Quick Chek, which has traditionally sold its coffee beans by the can, heeded its customers’ request for bagged beans, which arrived on store shelves in No­vember. Another customer idea: selling gift cards online. The c-store retailer heard via its Web site’s comment box that even consumers who don’t live near stores (where cards are normally sold) wanted to purchase them. This holiday season, they expect a new gift card microsite to boost sales.

Once you open up an easy channel for customer ideas, you may be sur­prised by the response. When Quick Chek recently ran a “Name It, Claim It” contest, asking customers to come up with a new name for the chain’s frozen drink, the company was inundated with ideas (mostly online).

“I can’t believe the response,” said Schaninger. “The number of names we’re getting — it’s far surpassing what I expected.”

A Matter of Execution
Marketing execs agree that a key to any listening campaign is what you do with the input. Without a process in place to manage the flow, all that conversation becomes noise.

At Starbucks, for example, 48 spe­cially trained “idea partners” enable discussions on MyStarbucksIdea.com and draw consumers out. Not only that, idea partners also advocate within the company for specific customer ideas, so customers have a voice when prod­uct decisions are being made.

At Famima, Pir sends his colleagues a monthly e-mail that compiles customer ideas and feedback. He allocates the comments by department, asking for any response or plan within two weeks. At monthly managers’ meetings, Pir tracks each piece of input, expecting de­partment leads to “tie the loop.”

Whether and how an idea becomes anything more than an idea is an article for another day. No doubt, execution matters. After all, customers may insist that what they really need more than anything is purple milk. But are you the right retailer to provide it?

A conversation requires listening and making decisions without forget­ting who you are as a business. Giving customers what they want — without considering operational limitations or business objectives — can lead you to a debacle on par with the Pontiac Aztek.

Or, for that matter, The Homer. In one episode of The Simpsons, Homer is asked by his car mogul half-brother, Herb, to design a new car for his company. Who better than an average American to craft a car that perfectly meets his needs?

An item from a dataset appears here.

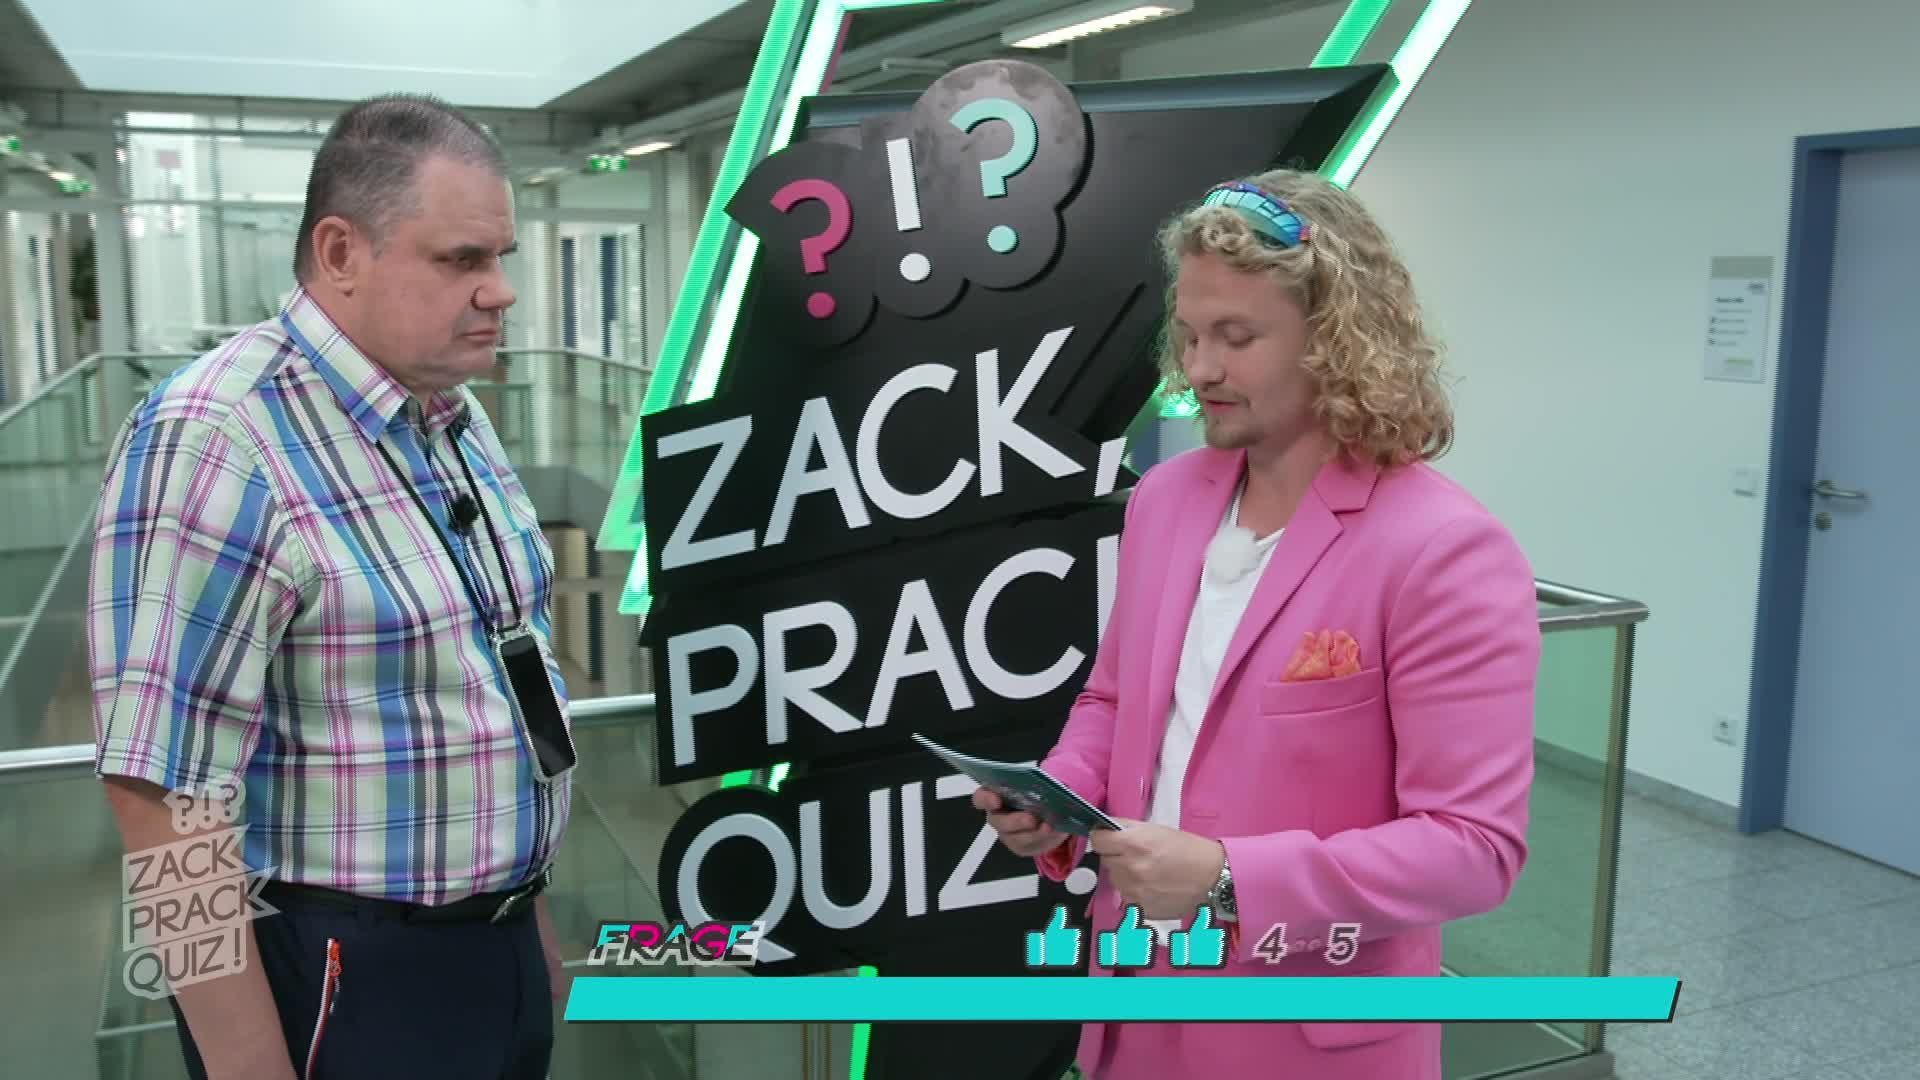 Zack, Prack, Quiz - Staffel 1 Folge 7

Tricked out with a bubble dome, tail fins and several horns playing “La Cucara­cha,” the car turns out to be a hideous monstrosity with a price tag of $82,000.

For every splash stick idea, there may be dozens of Homers. But benefitting at all from the value of conversation re­quires that you become a more vehement listener, that you promote your social media presence within e-mail cam­paigns or on your company’s Web site, that you allow your customers to reach you immediately in a variety of ways.

As Chris Brogan said, “As people blurt out their interests, their desires, their hungers, their needs online...the oppor­tunities are endless.”

Alice Bumgarner is a freelance writer based in Durham, North Carolina.